Professor keeps slaves’ names from vanishing

By Robert Frahm

The Hartford Courant

STORRS, Conn. — Nearly two centuries after the British Navy rescued thousands of Africans from slavery, a University of Connecticut professor is rescuing their names from obscurity.

G. Ugo Nwokeji, a history professor, is building a database from passenger logs compiled in the early 19th century as British sailors intercepted slave ships on their way to the Americas.

The project is expected to give historians a clearer picture of the geographic and ethnic origins of slaves — information not available in many plantation records in the Americas because the names of slaves were often changed.

"We still know almost nothing about the people who were forced on board slave vessels on the African coast and how they came to be captives," Nwokeji and a fellow researcher wrote in a paper scheduled for publication early next year in the Journal of African History.

After England banned slavery in 1808, the British Navy hunted down slave ships and returned them to ports such as Havana, Sierra Leone and Rio de Janeiro, Brazil.
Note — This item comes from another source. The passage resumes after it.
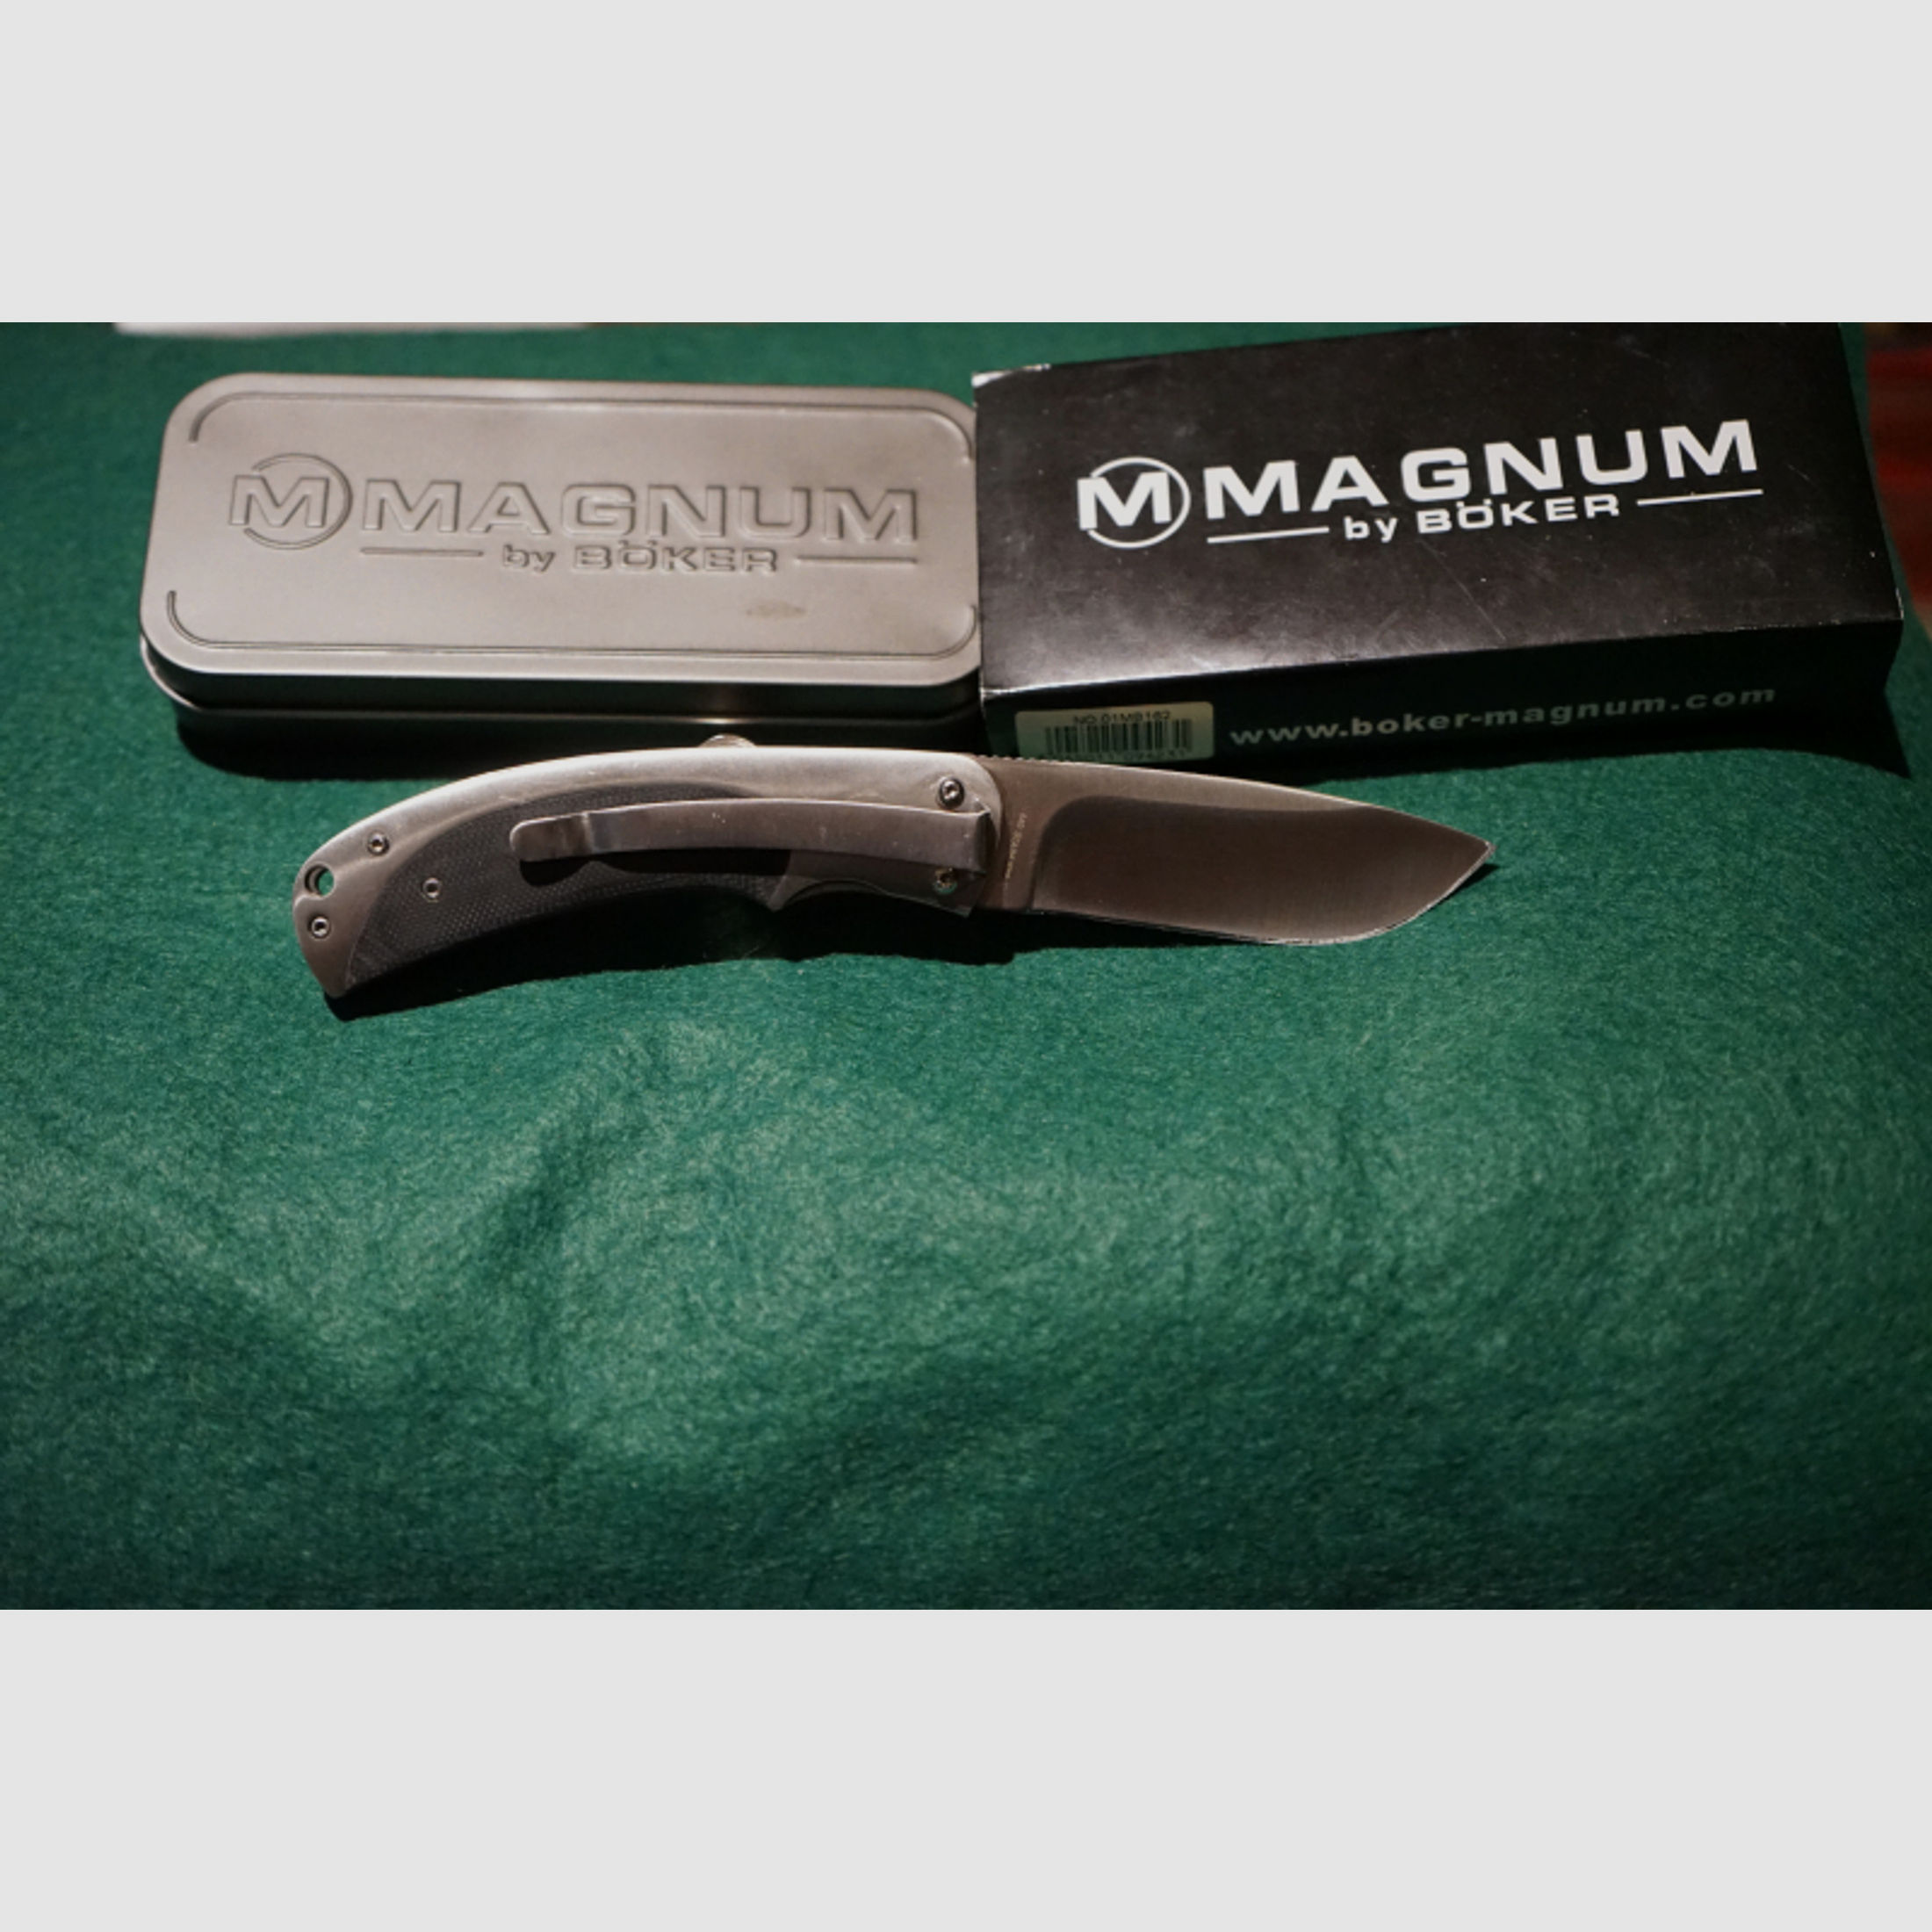 Böker Magnum Taschenmesser, Liner - Lock, siehe Fotos und Text
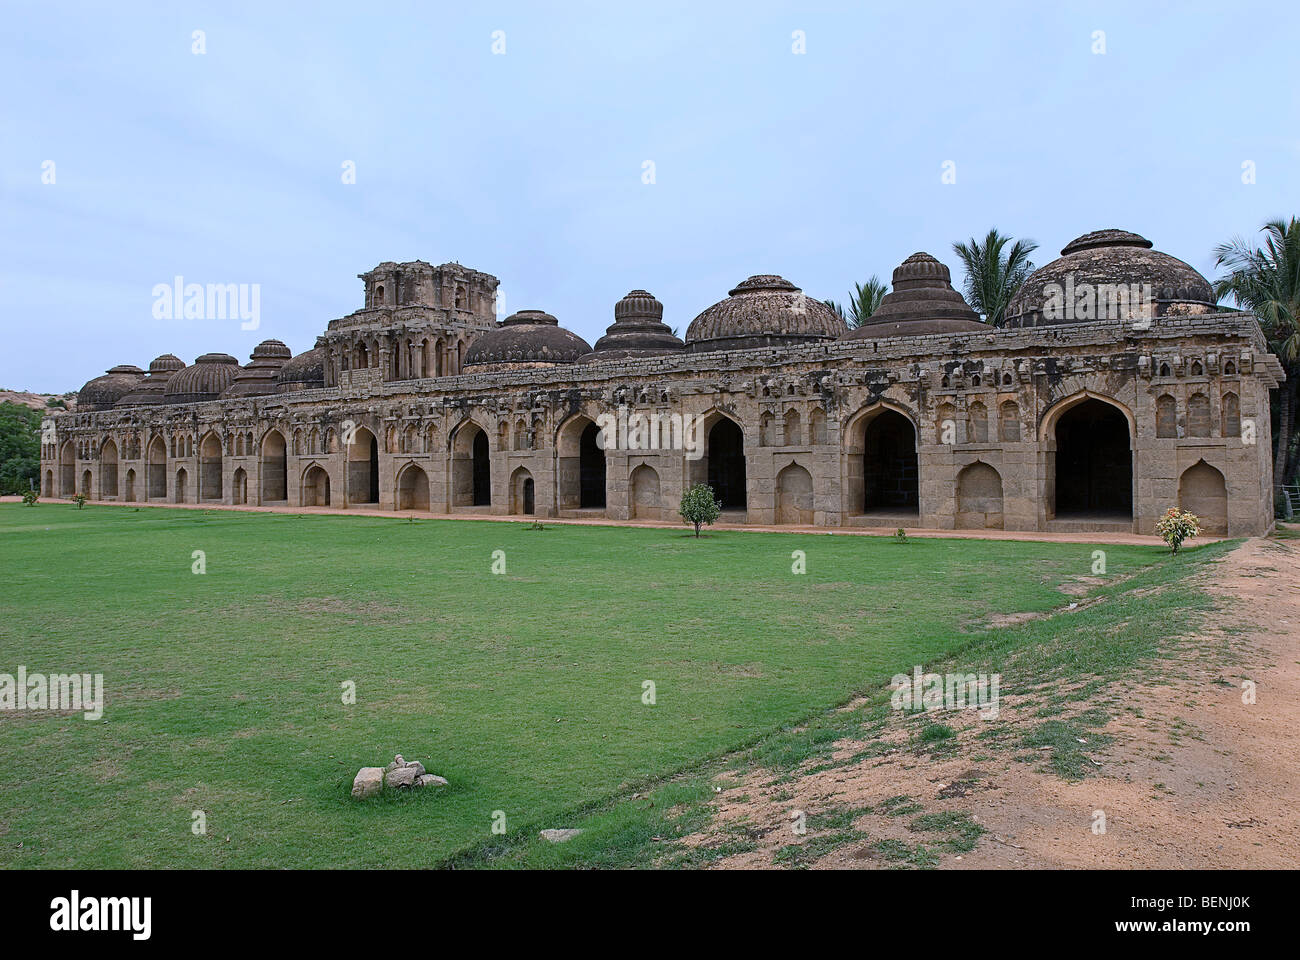 Los establos de elefantes de una fachada de aberturas arqueadas y recesos en estilo Bahmani Hampi Karnataka India Foto de stock

There, court clerks recorded the name, age and sex of each liberated captive, along with physical characteristics such as height, tattoos or other distinguishing marks. In some cases, hometowns also were noted. The information was to be used as evidence against the slave traders.

"There is no other body of data like it in the entire history of the slave trade," said Nwokeji, who is conducting the project with slavery historian David Eltis of Queen’s University in Ontario.

About one-third of the database is complete, and the project could take another three years to finish, Nwokeji said.

"It helps us understand more clearly what was going on in the hinterlands of Africa, where most of these captives were coming from because we do not have written records from Africa during this period," he said.

"We can understand the society from which they came … There were children, there were women, there were men. Some were enslaved because they were war captives, some because they were kidnapped. Some were enslaved by their political enemies."

Because researchers often can determine the point of embarkation and intended destination of each ship, the records also reveal slave-trading patterns such as the geographic distribution of various ethnic groups in the Americas.

The British Public Records Office contains names of as many as 70,000 Africans rescued from slave ships between 1819 and 1845. What makes those records particularly important is that the information was provided by the captives themselves.

"In contrast to the plantation records of the Americas, these names were African names, not some slave name," Nwokeji said.

Nevertheless, cataloging the names is a painstaking process because the names were recorded by European clerks and African interpreters who produced phonetic interpretations of the original names, he said.

Thus, the African name Mgboli — which would help researchers trace the captive to the Igbo group in the hinterland of the Bight of Biafra — might show up on the logs as Imbolee, Imbolay or Embolee. Or the African name Emenike might show up as Amanekay.

"A variation in a particular name can tell you what part of a region" someone is from, Nwokeji said. "We look for every detail."

In one piece of the study, Nwokeji and Eltis examined six slave vessels that left the Cameroons River and Bimbia between 1822 and 1837.

The researchers were able to trace those captives to a small area of what is now Western Cameroon and found that two groups, the Tikari and Banyangi, lost more of their people to slave traders than surrounding communities.

The records also show that those ships contained more women and children than ships from other regions.

Such findings pose new questions for scholars. Why more captives from some groups than from others? Why more children from certain regions? Do such differences reflect the choices of the American buyers or the African sellers?

Most of the captives whose names appear on the British Navy logs came from the Bight of Biafra and the Bight of Benin — regions within what are now the nations of Nigeria, Cameroon and Benin.

Because most slaves were renamed when they arrived in the Americas, the database of original African names will be of little use for genealogists but will provide considerable insight "for anyone attempting to establish links between cultural patterns of all types in particular parts of the Americas and those in Africa," Eltis said.

Nwokeji, 37, a native of Nigeria, is in his third year at UConn. He studied at the University of Toronto and turned his research interests to the slave trade after meeting some of the world’s foremost slavery historians, he said.

He was a graduate student when he met Eltis at an academic conference in Toronto in 1997. It was there the two scholars began talking about the potential information locked in the slave ship records.

Because there are so few written accounts from Africa during the height of slave trading, historians have had to rely on other sources — such as records of the 1839 trial in Connecticut of Africans intended for slavery who staged an uprising on the schooner Amistad — to learn more about the people who were enslaved, said slavery historian David Brion Davis, a retired Yale University professor.

"Only in recent years have historians been able to compile a vast amount of information about the Atlantic slave trade in general," he said.

The database compiled from the British Navy records is another piece in the puzzle.

"No one, to my knowledge, has made a really thorough study of these records," said Davis, director of the Gilder Lehrman Center for the Study of Slavery, Resistance and Abolition.

"I think it has tremendous significance."